### Task prompt:
Line by line, set down all the data below exactly, omitting any picture.

::::::

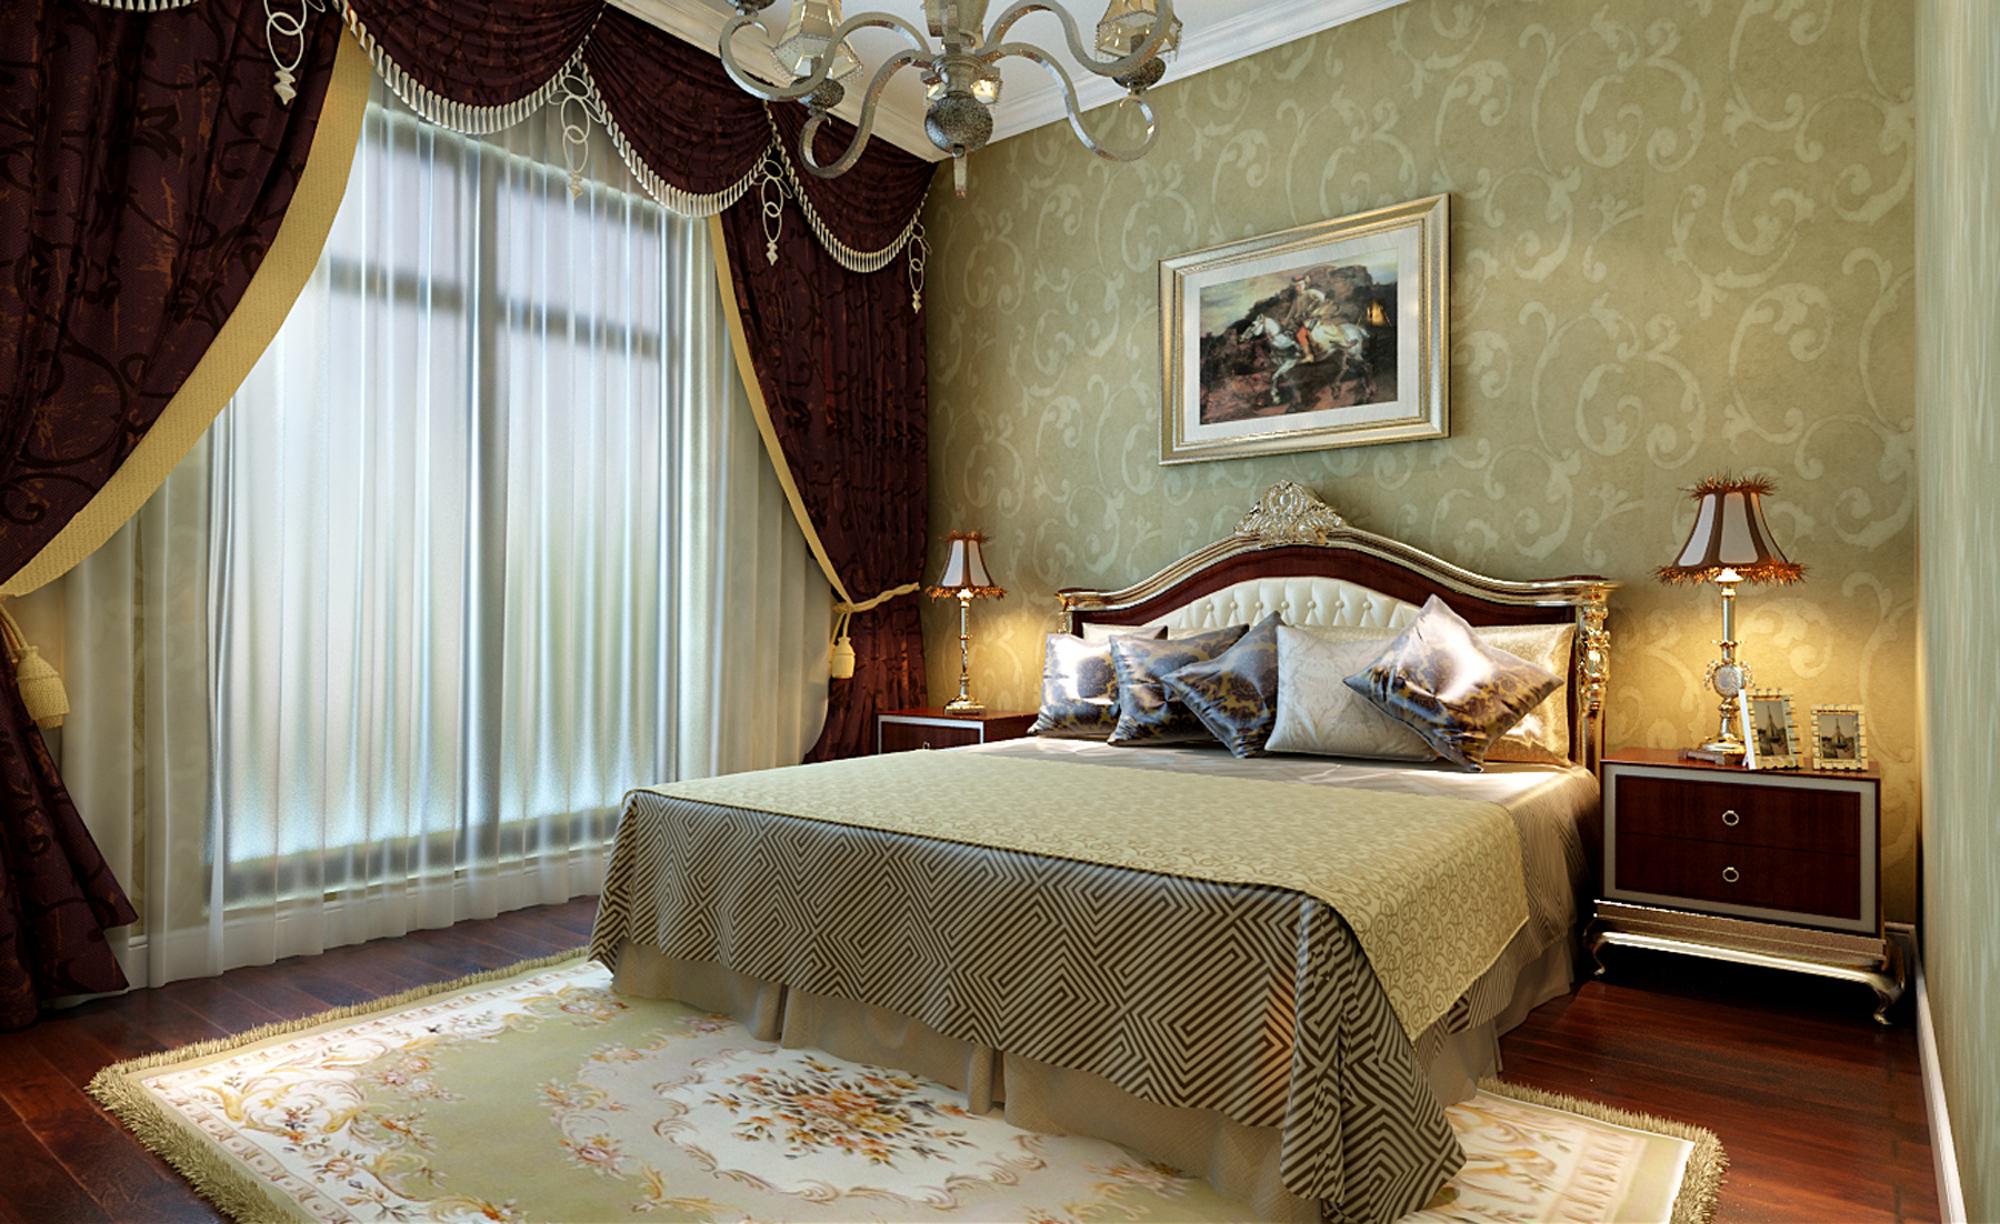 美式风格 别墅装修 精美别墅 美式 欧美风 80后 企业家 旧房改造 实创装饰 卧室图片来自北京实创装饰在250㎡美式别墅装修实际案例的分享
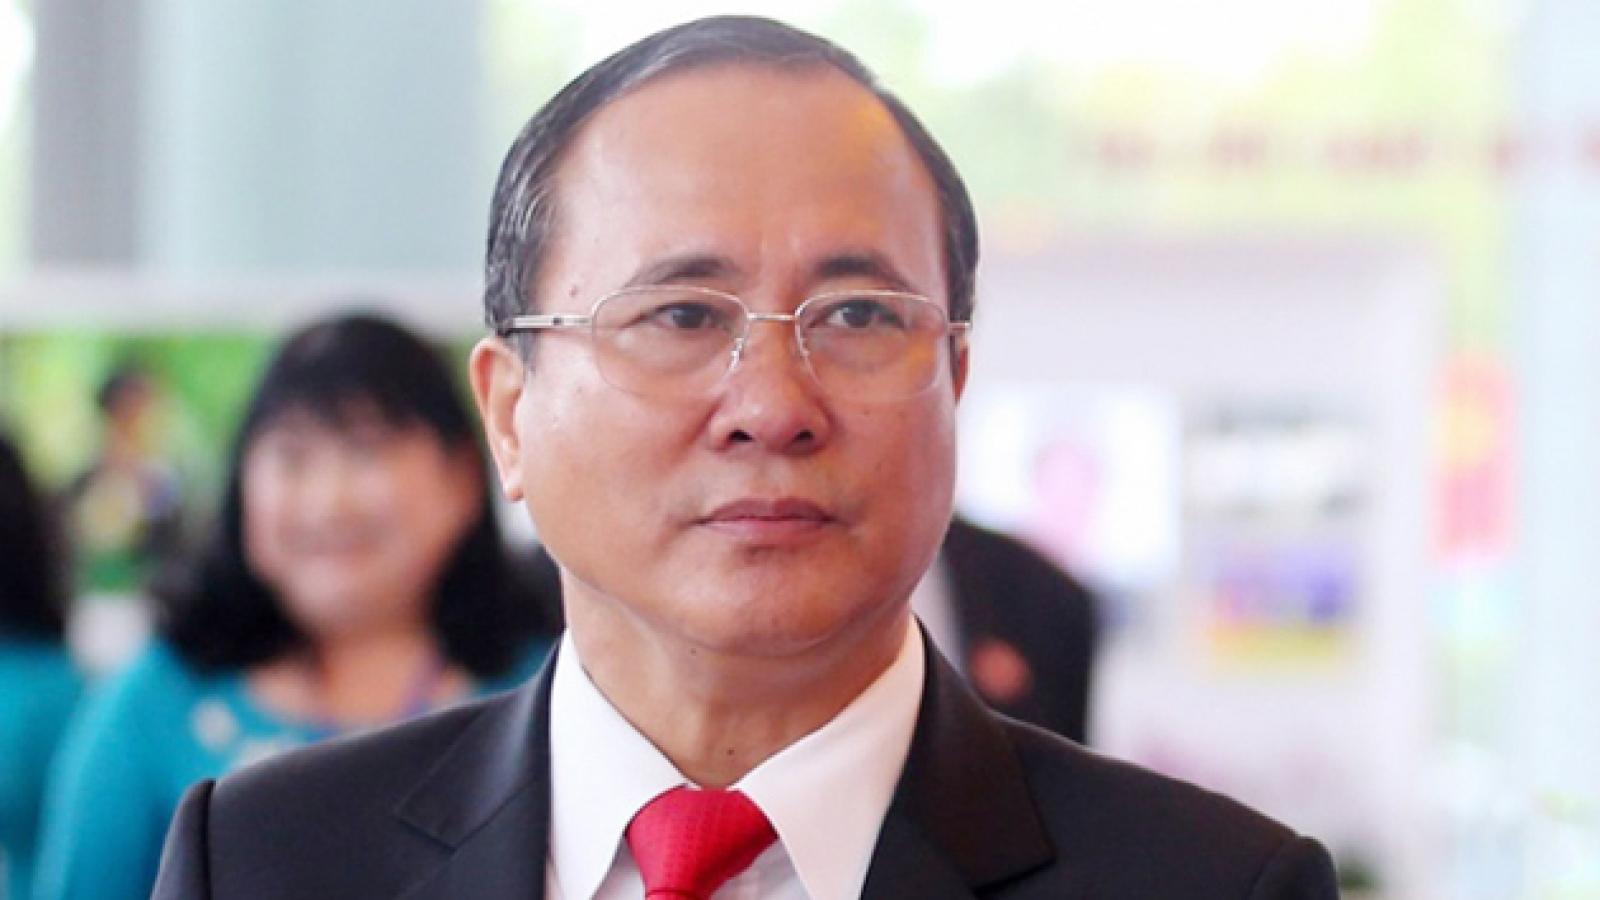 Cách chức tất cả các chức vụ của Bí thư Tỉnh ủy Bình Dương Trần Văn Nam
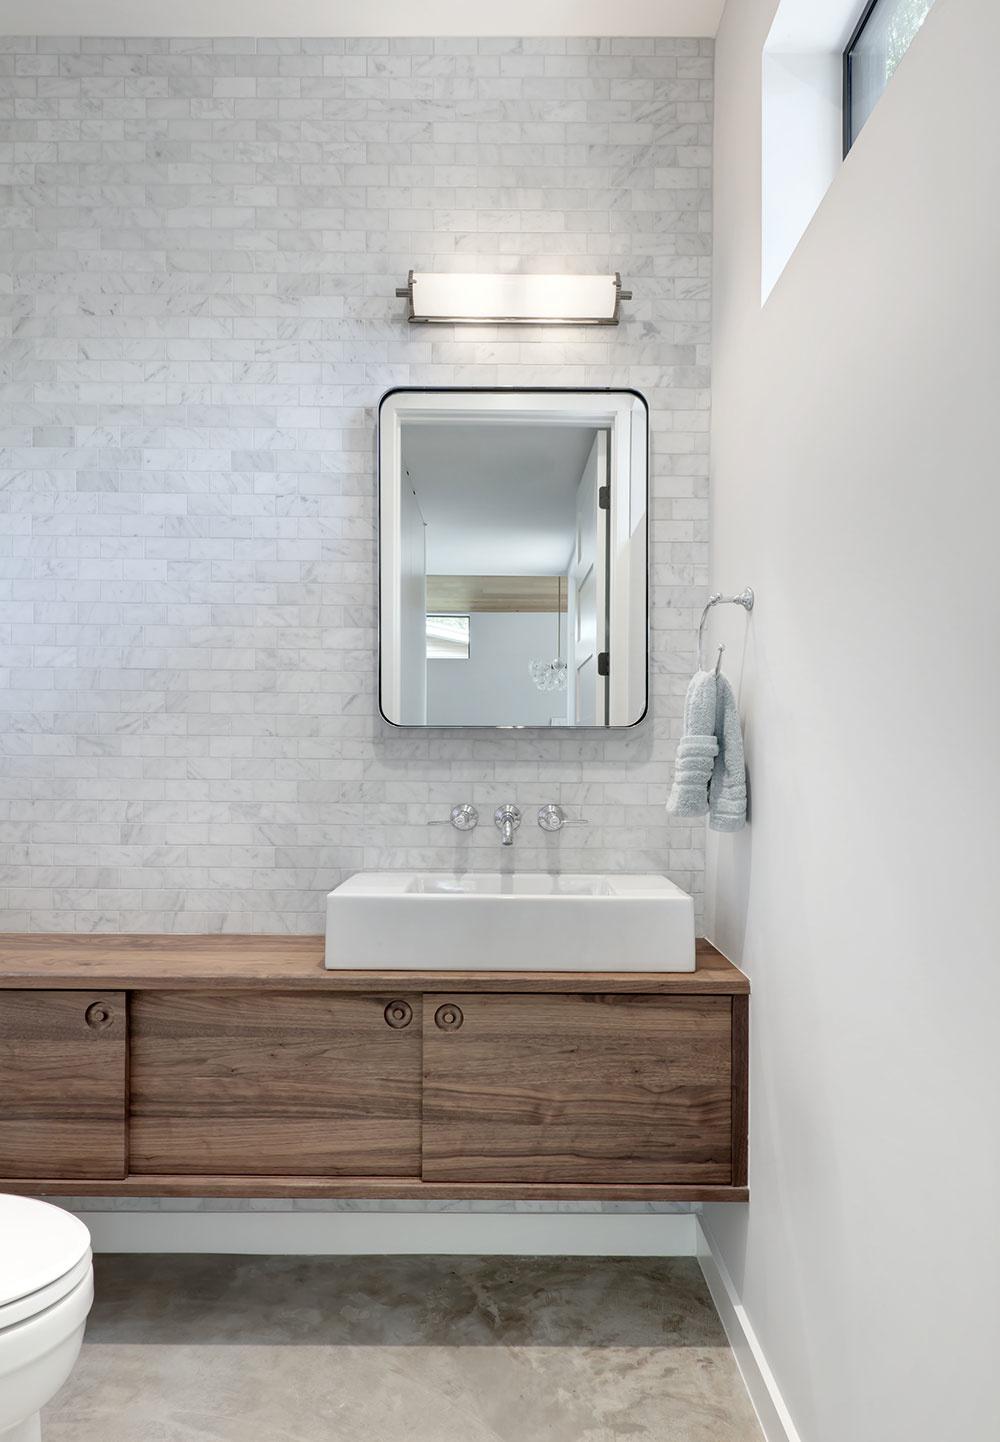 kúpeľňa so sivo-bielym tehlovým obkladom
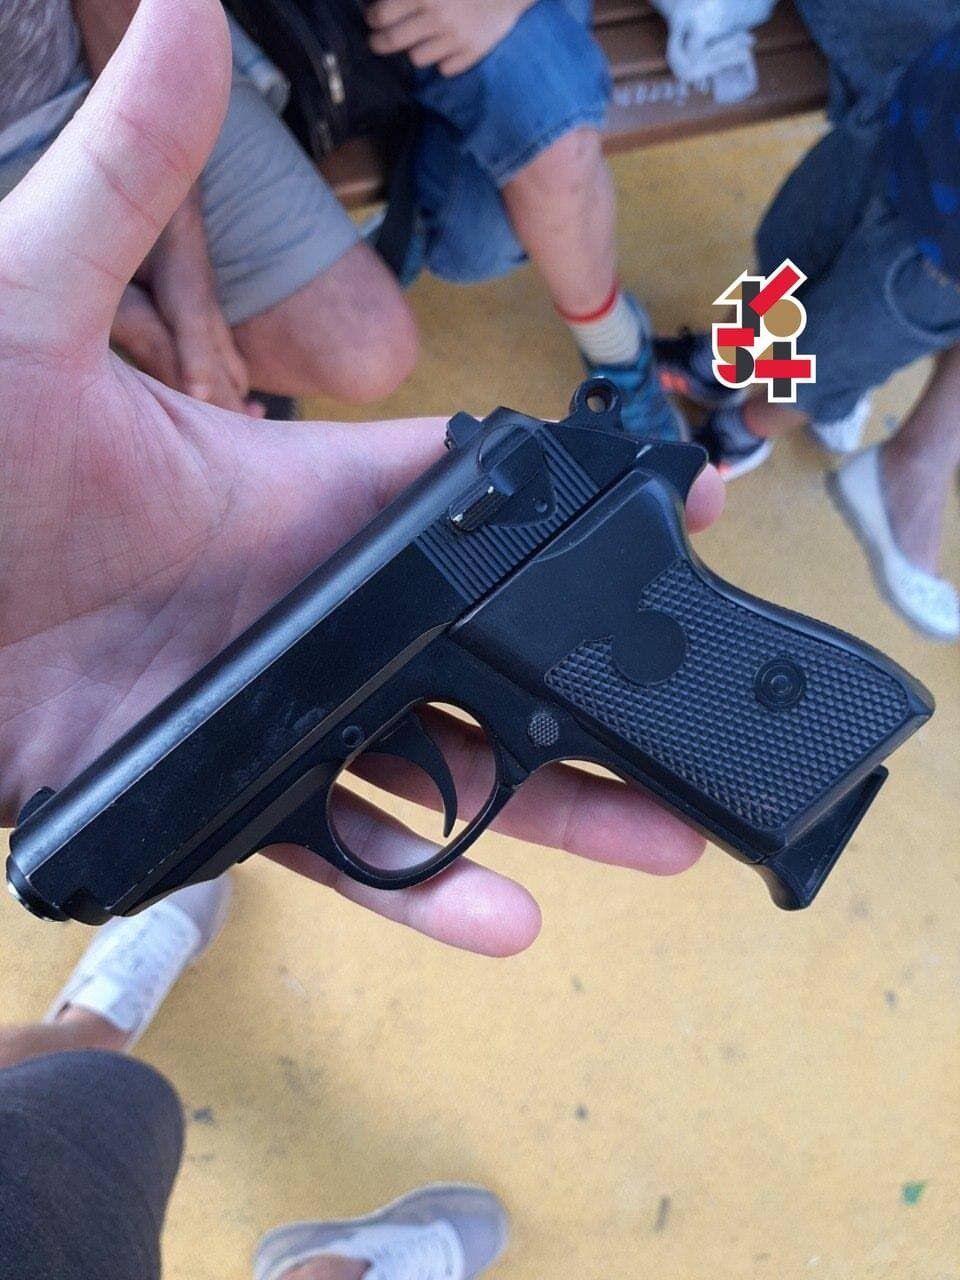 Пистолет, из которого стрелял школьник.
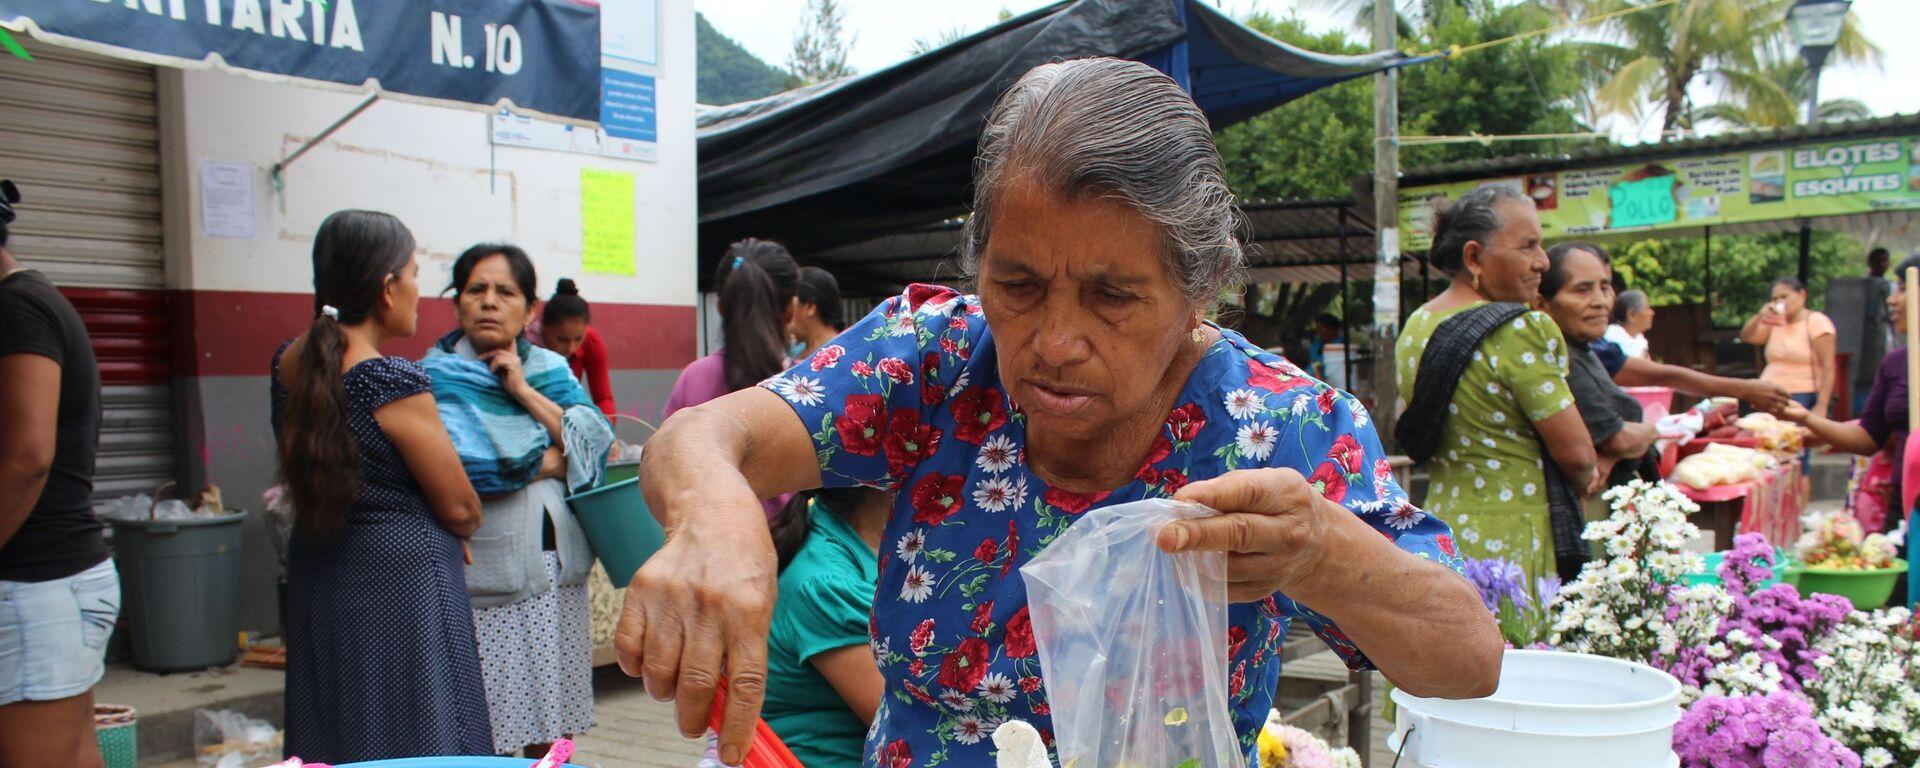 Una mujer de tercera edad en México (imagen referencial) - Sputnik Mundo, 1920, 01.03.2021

::::::

### Solution to the problem:
 美式风格 别墅装修 精美别墅 美式 欧美风 80后 企业家 旧房改造 实创装饰 卧室图片来自北京实创装饰在250㎡美式别墅装修实际案例的分享
 Cách chức tất cả các chức vụ của Bí thư Tỉnh ủy Bình Dương Trần Văn Nam
 kúpeľňa so sivo-bielym tehlovým obkladom
 Пистолет, из которого стрелял школьник.
 Una mujer de tercera edad en México (imagen referencial) - Sputnik Mundo, 1920, 01.03.2021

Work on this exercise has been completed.